- [WHAT YOU WILL DO]:
Without changing a word, repeat the data, and include no pictures.

---------- DATA SECTION

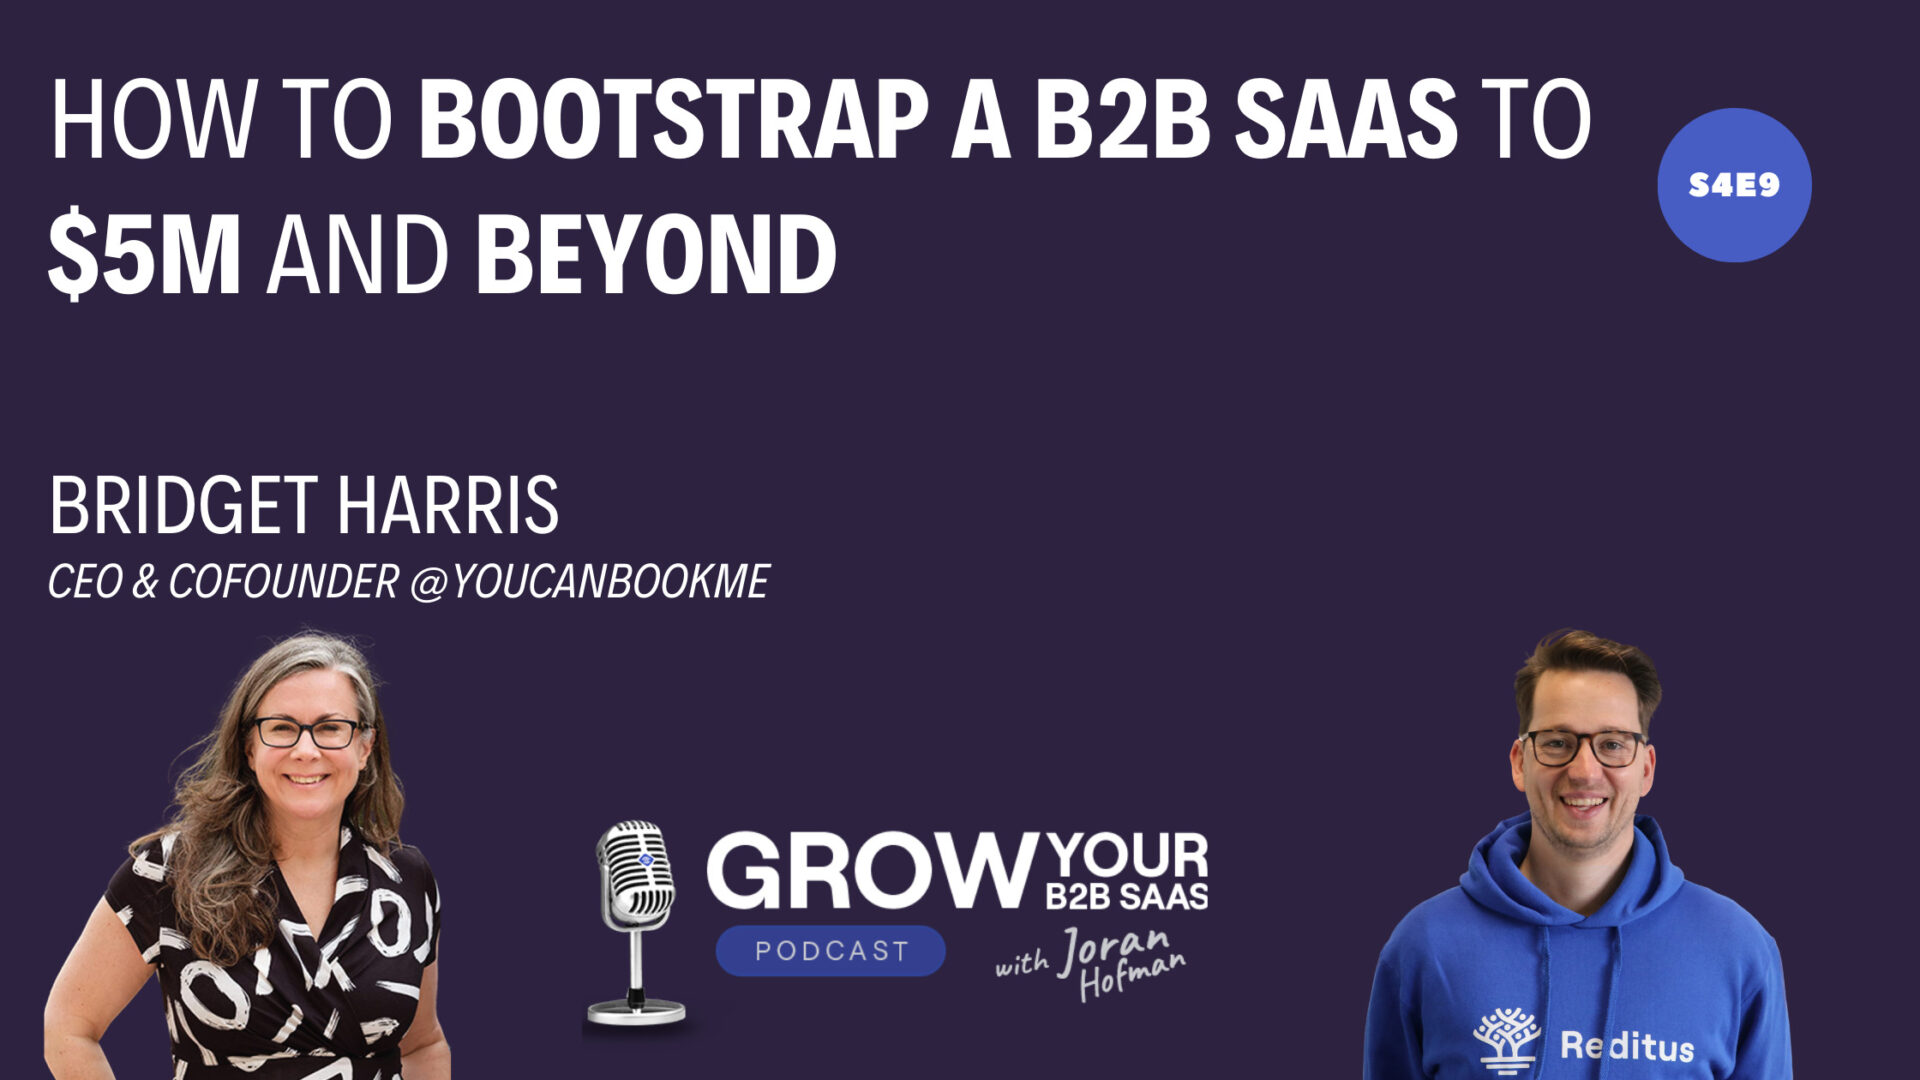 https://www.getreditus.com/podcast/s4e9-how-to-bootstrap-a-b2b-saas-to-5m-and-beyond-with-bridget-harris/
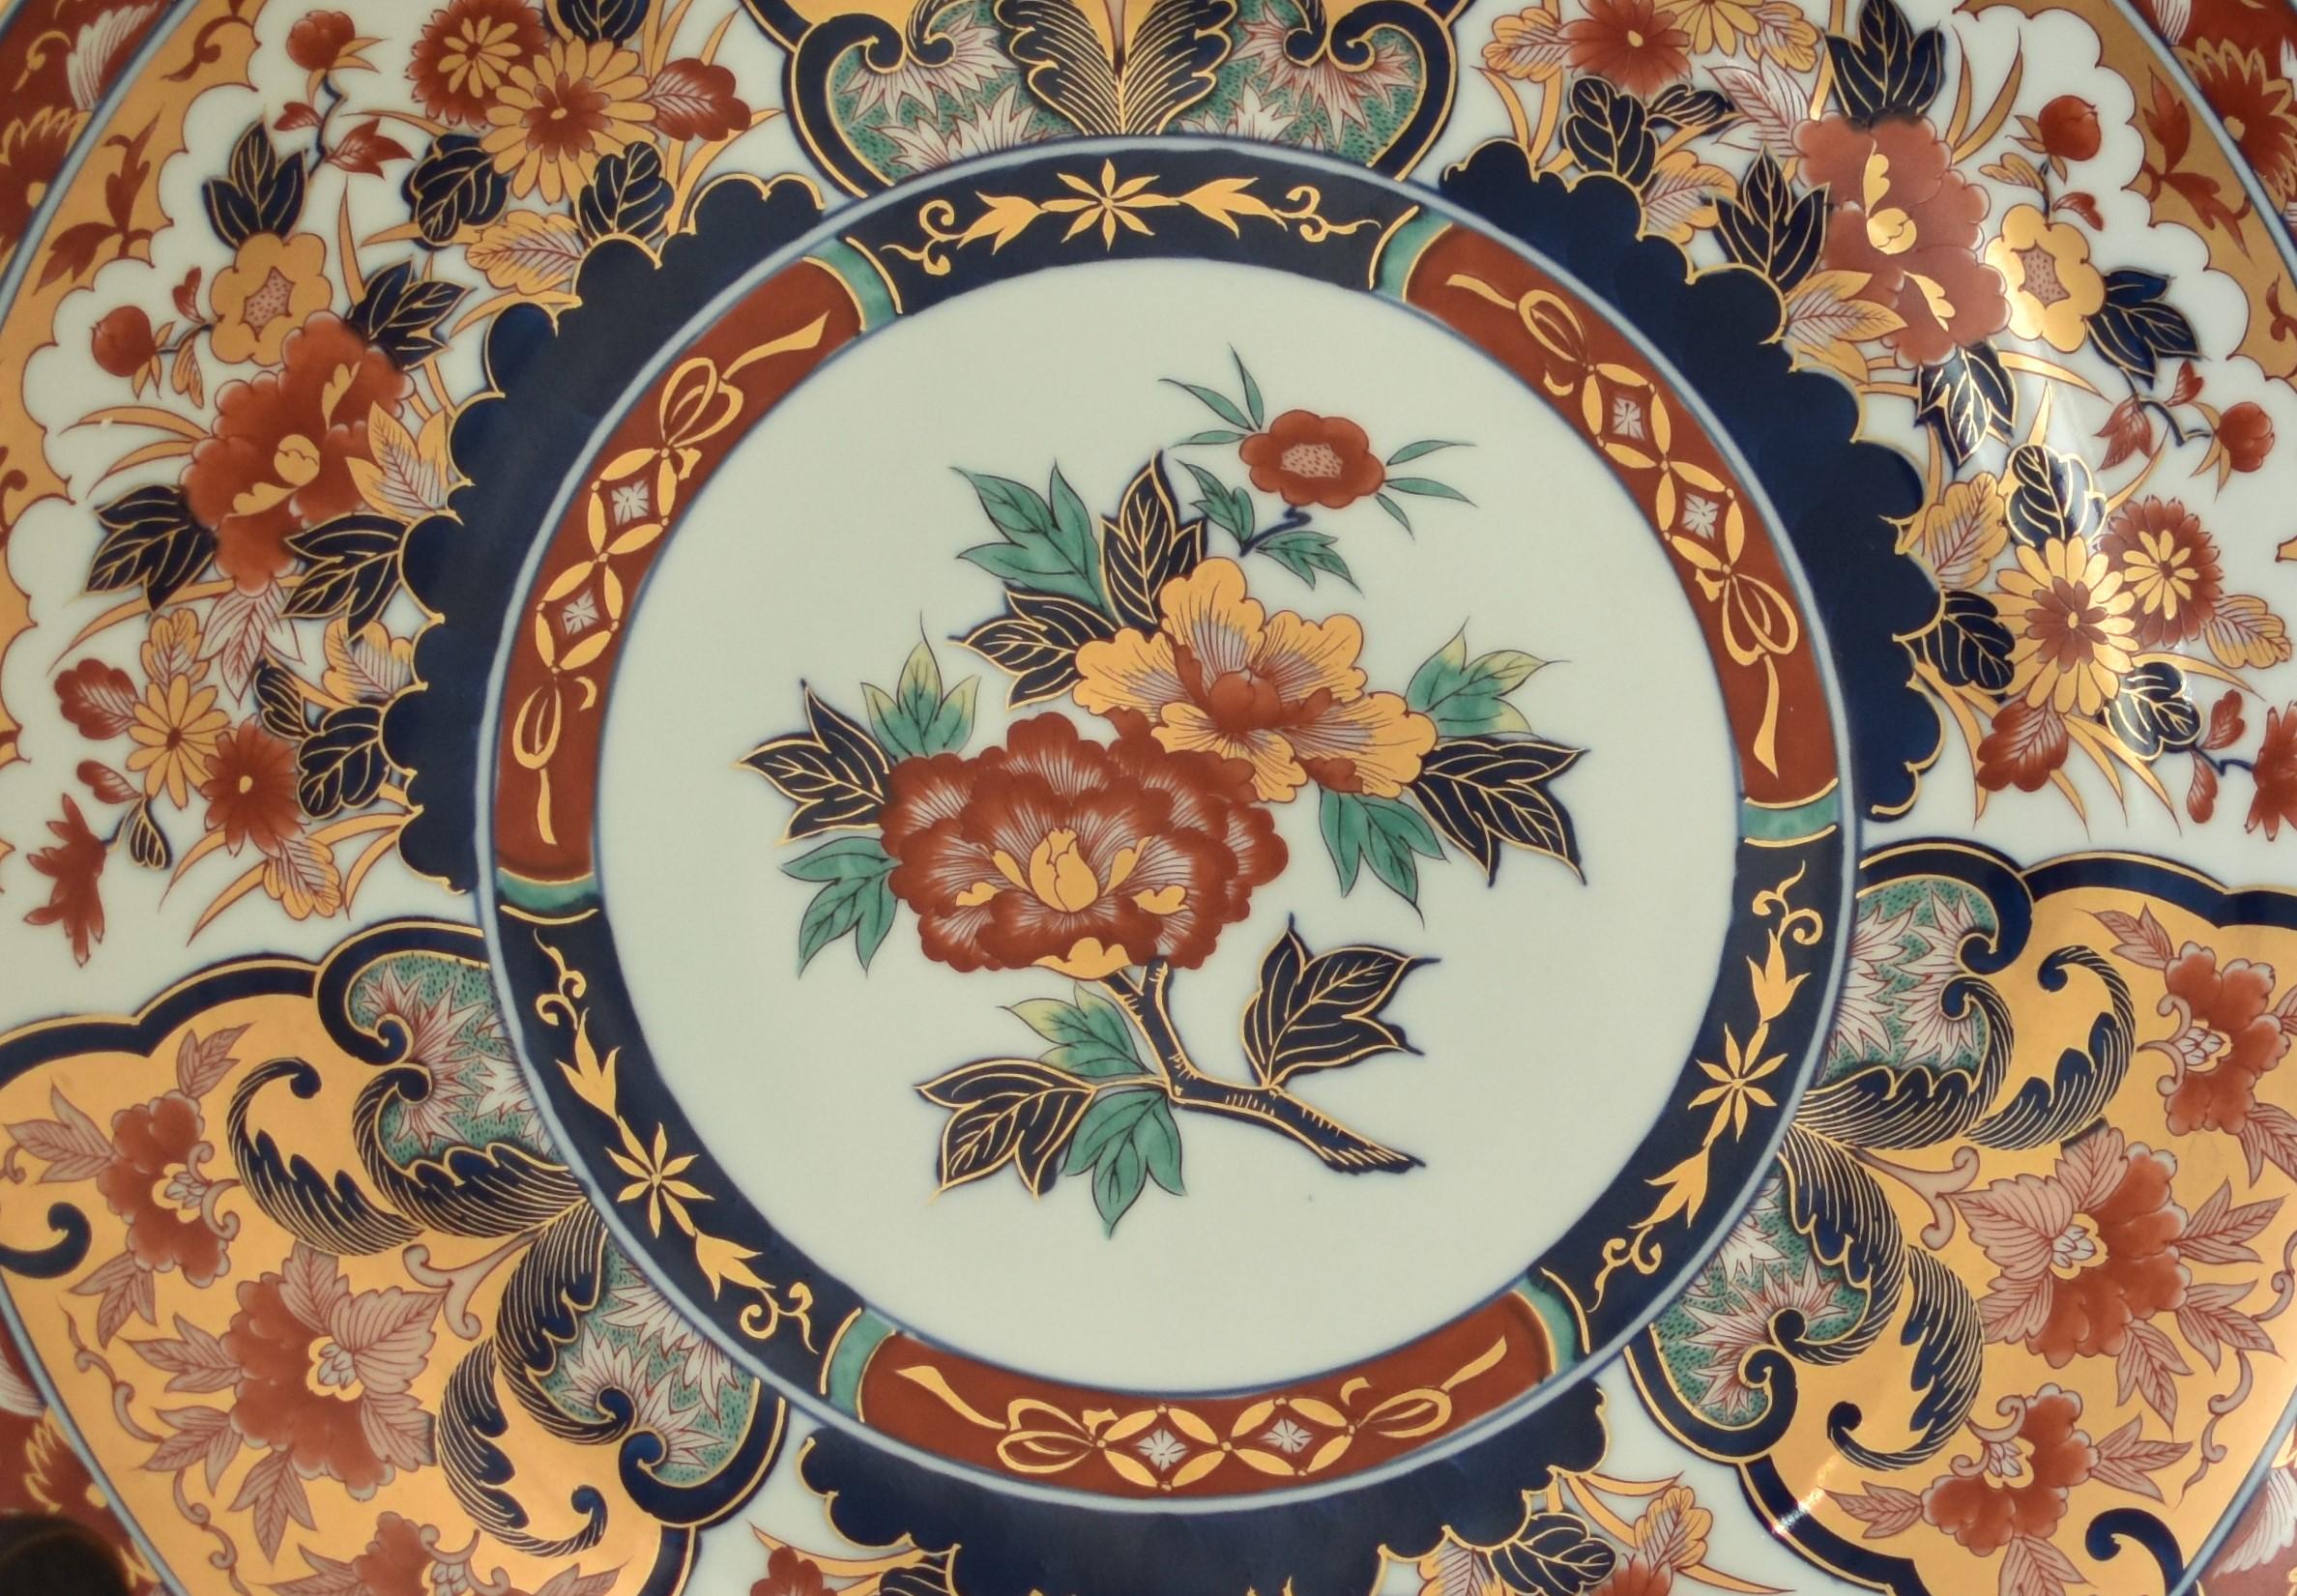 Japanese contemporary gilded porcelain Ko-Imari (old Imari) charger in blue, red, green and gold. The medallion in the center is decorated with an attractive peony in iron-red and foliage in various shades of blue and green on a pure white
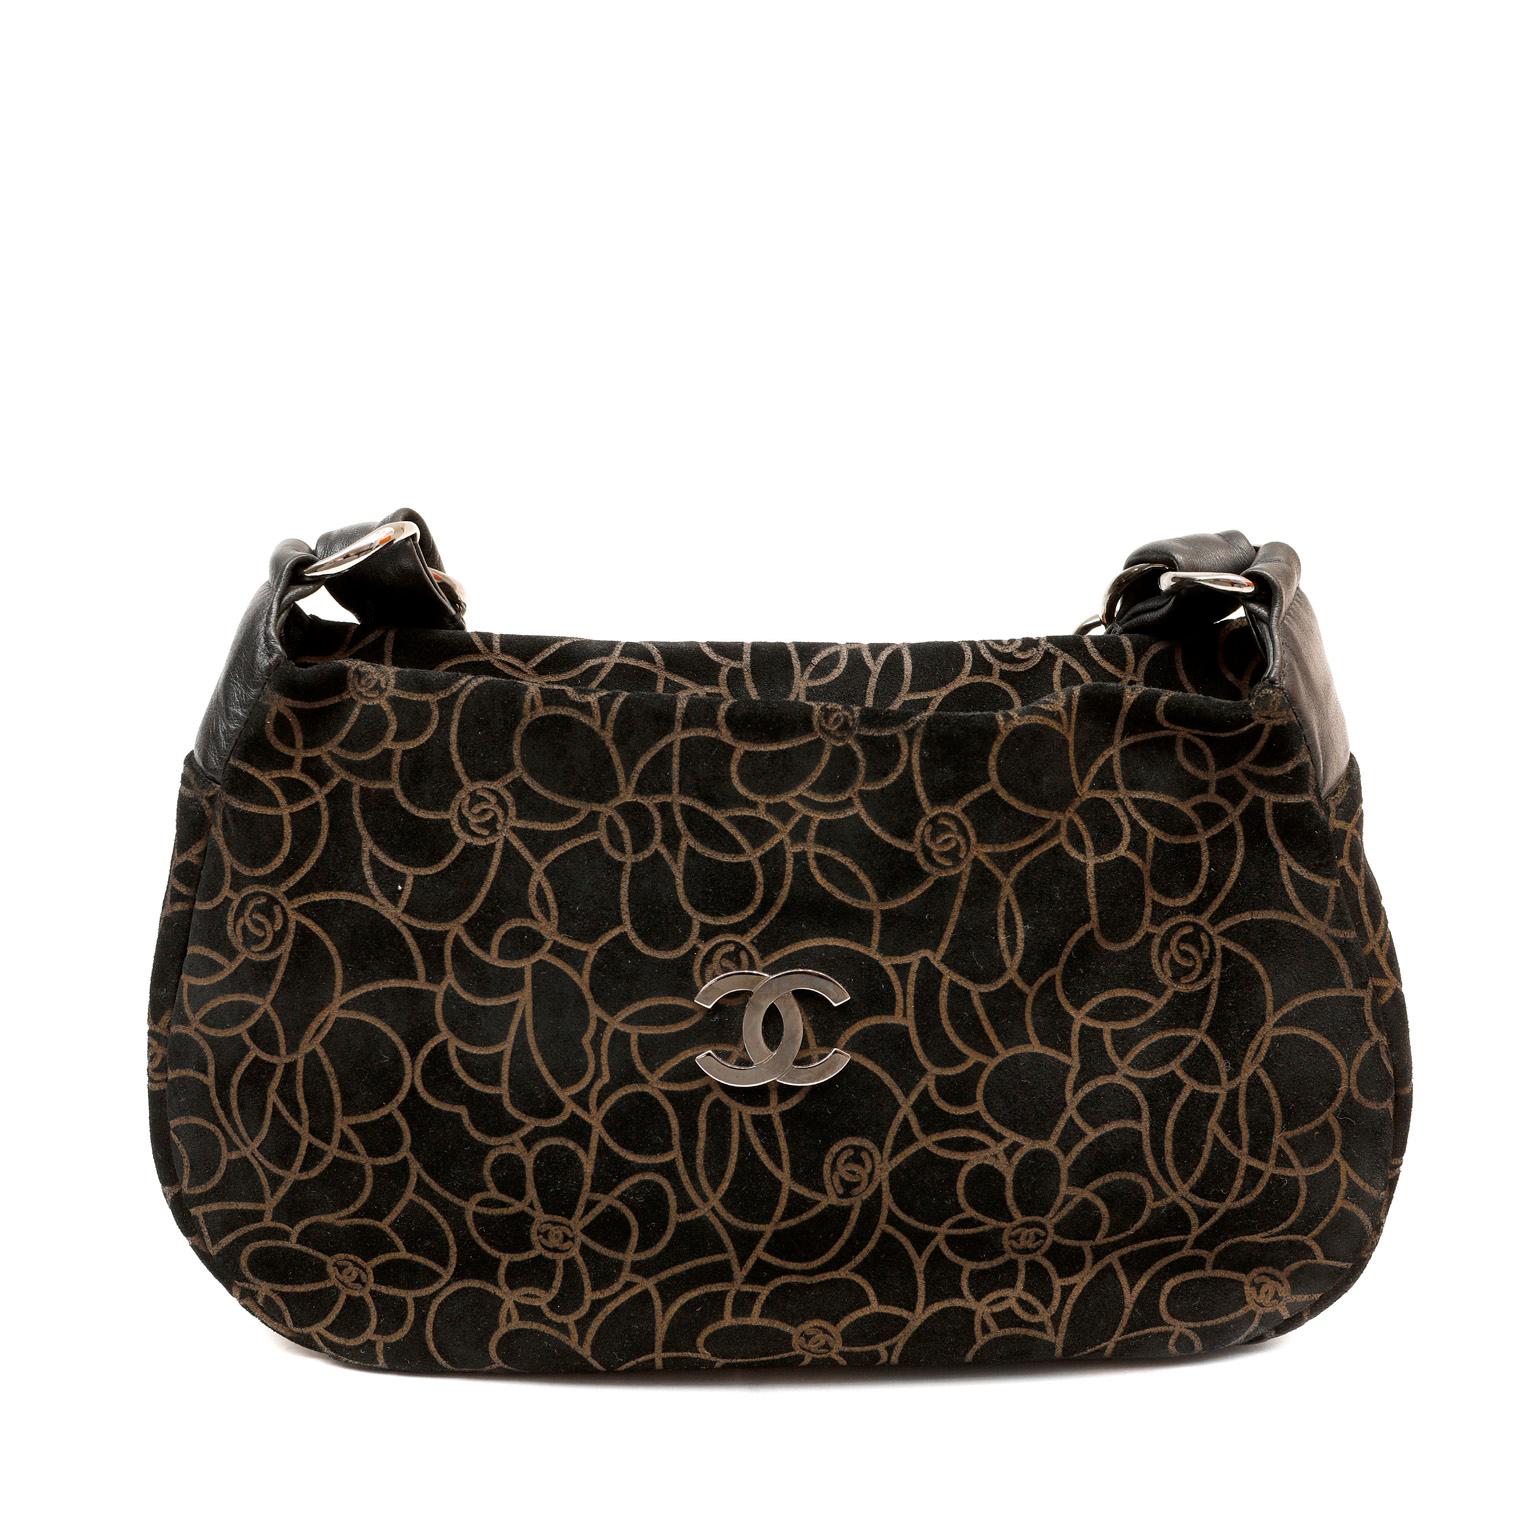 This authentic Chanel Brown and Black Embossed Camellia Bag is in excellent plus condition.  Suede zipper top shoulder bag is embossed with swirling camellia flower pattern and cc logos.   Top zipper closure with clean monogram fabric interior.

--------------------

- [THE COMPLETED TASK]:
 https://www.getreditus.com/podcast/s4e9-how-to-bootstrap-a-b2b-saas-to-5m-and-beyond-with-bridget-harris/
 Japanese contemporary gilded porcelain Ko-Imari (old Imari) charger in blue, red, green and gold. The medallion in the center is decorated with an attractive peony in iron-red and foliage in various shades of blue and green on a pure white
 This authentic Chanel Brown and Black Embossed Camellia Bag is in excellent plus condition.  Suede zipper top shoulder bag is embossed with swirling camellia flower pattern and cc logos.   Top zipper closure with clean monogram fabric interior.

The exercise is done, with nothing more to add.